Брокк поморщился, услышав «Вы», и Гриди произнесла с успокаивающими интонациями:
— И правда, ни к чему в такое время беспокоить лекаря, да и ужин остынет. Все дома, все хорошо.
— Хорошо, — проворчал Брокк, согласившись с домашними: пока доберется до Широкой, пока коляску наймет, пока доедет, будет уже неприлично беспокоить лекаря. Да и Эва стоит румяная, не качается.
Закрыв дверь и окна, Лэндвик последовал на кухню; Гриди, желая расслабить супруга и зная, как именно нужно для этого действовать, подала ему тушеные овощи, зажаренные до приятного хруста колбаски, хлеб и пиво и начала жаловаться на цены: торгаши совсем обнаглели, за дурной рис требуют хорошую цену…
На улице стемнело, и в кухне зажгли лампу; Гриди отнесла ужин Ливви, но девушка отказалась от еды, заявив, что сыта. Брокк хмуро глянул на нетронутую еду и, отставив кружку с пивом, поднялся из-за стола.
Ева чуть не шарахнулась, когда этот крупный и грозный с виду мужчина с густыми усами шагнул к ней и поцеловал в лоб; Брокк же, занятый тягостными мыслями, не заметил, как напряглась дочь, и вышел из кухни.
Убрав со стола, Гриди повела Еву на второй этаж, рассказывая, что раньше она ночевала с сестрами в одной комнате на третьем этаже, но когда стала помогать в храме, ей выделили отдельную комнатушку на втором этаже, а позже и вовсе пристрой сделали. Младшие же, Ливви и Кисстен, делят одну спальню на третьем этаже. Сейчас, правда, Кисстен гостит у родичей в деревне, поэтому Ливви спит одна… по крайней мере, остается на это надеяться...
Сказав это, Гриди остановилась и покраснела; подобные разговоры она старается не заводить в присутствии невинной старшей дочери, почти жрицы. Однако Ева ничего такого в этом не углядела и вообще она была занята более важными вещами – как, например, не споткнуться на этой узенькой скрипучей лестнице!
Наконец, опасная лестница была преодолена. Гриди свернула вправо, открыла дверь и вошла в комнату первой. Войдя внутрь следом за женщиной, Ева увидела решетчатое открытое окно, неудобную даже на вид кровать, сундук у стены, стол и стул; внимание девушки привлекли расшитые узорами полотна, развешанные на стенах. Подойдя к оной из стен, Ева пригляделась, разглядела в узорах животных и коснулась полотна пальцами.

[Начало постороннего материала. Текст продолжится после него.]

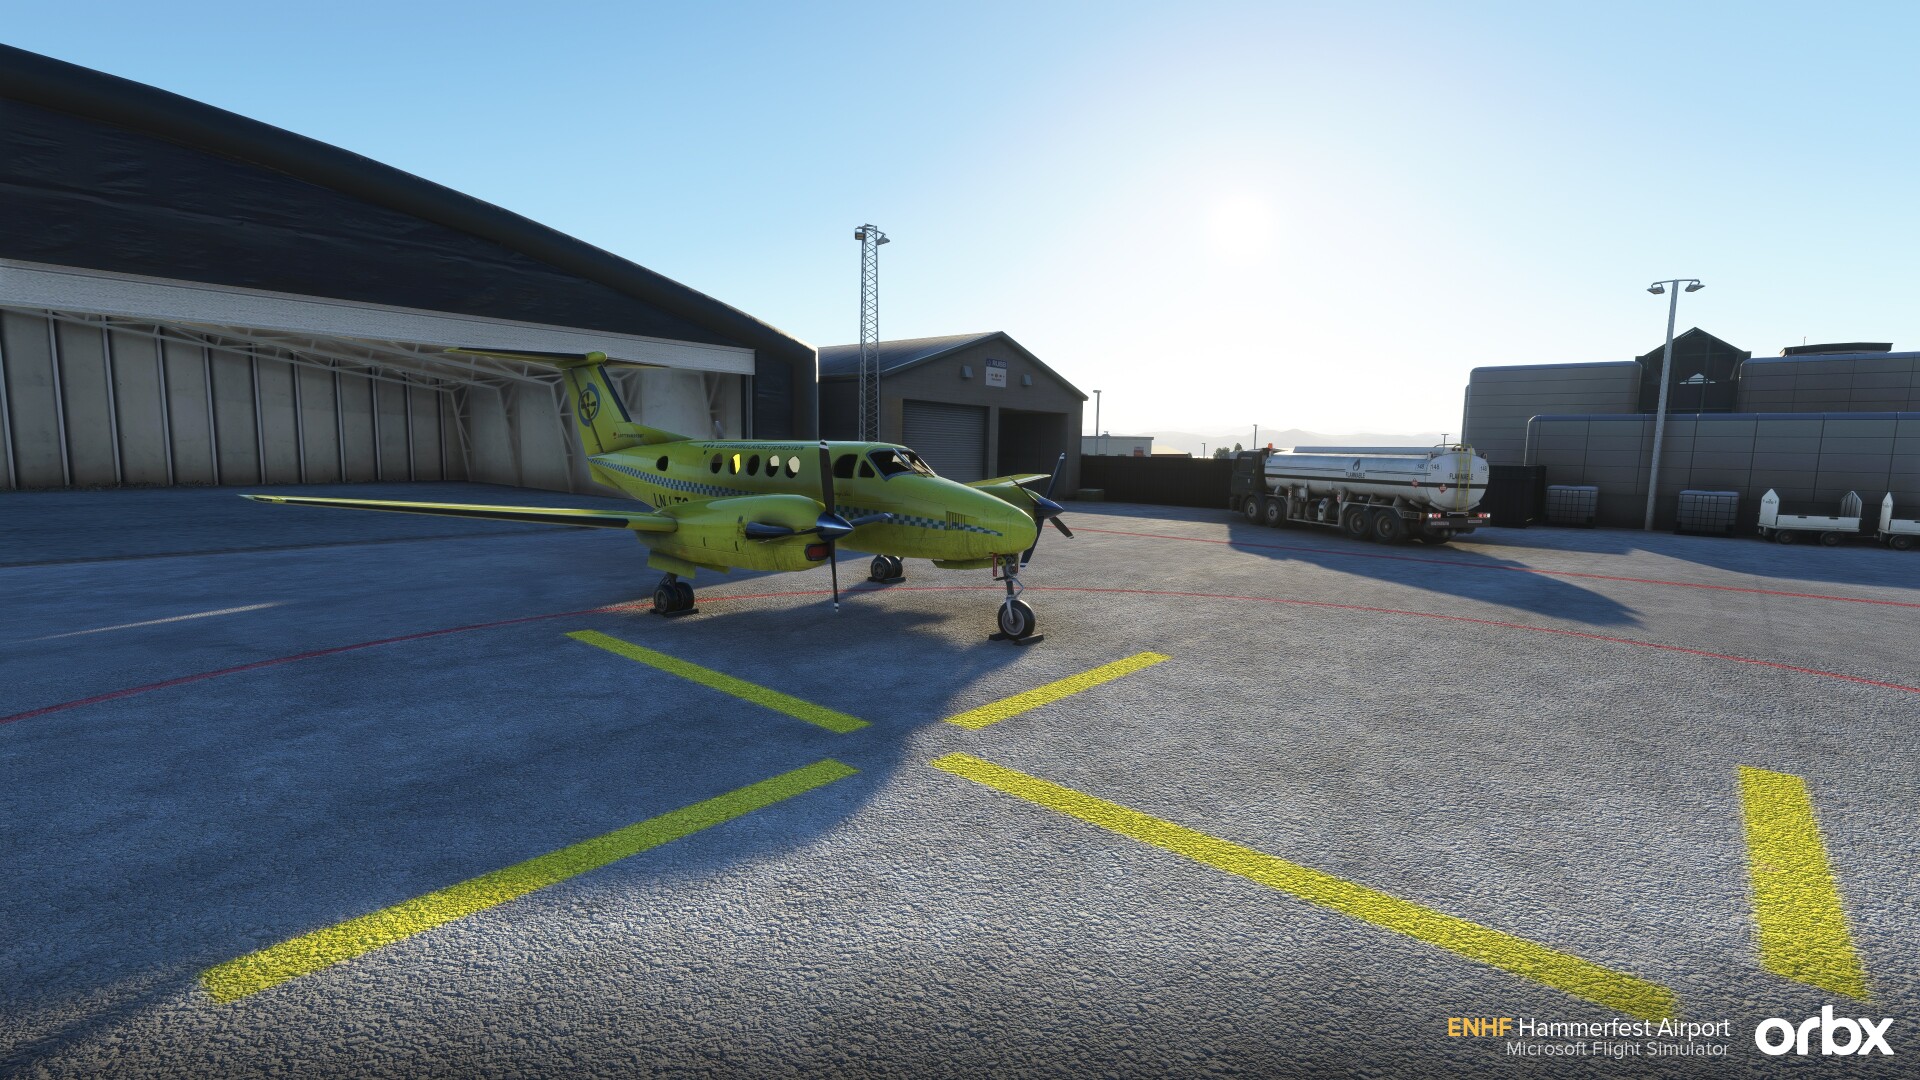 Orbx Announces Hammerfest Airport for MSFS - Microsoft Flight Simulator, Orbx

— Какая красота, — прошептала она восхищенно.
— Ты сама вышила, — с гордостью сказала Гриди. — Руки у тебя золотые. Как и сердце.
Ева растерялась и почувствовала себя притворщицей, хотя вряд ли есть ее вина в том, что она сейчас здесь в теле старшей дочери Лэндвиков… Но Гриди ответа и не ждала: она подошла к столу, зажгла на нем свечу с помощью лампы, затем открыла сундук, вручила девушке рубашку на смену, взбила единственную подушку и «напомнила», что ночной горшок под кроватью.
— Мы спим в соседней комнате, — сказала Гриди потом, — и если тебе что-то понадобится или заболит снова голова, буди нас сразу, не стесняйся.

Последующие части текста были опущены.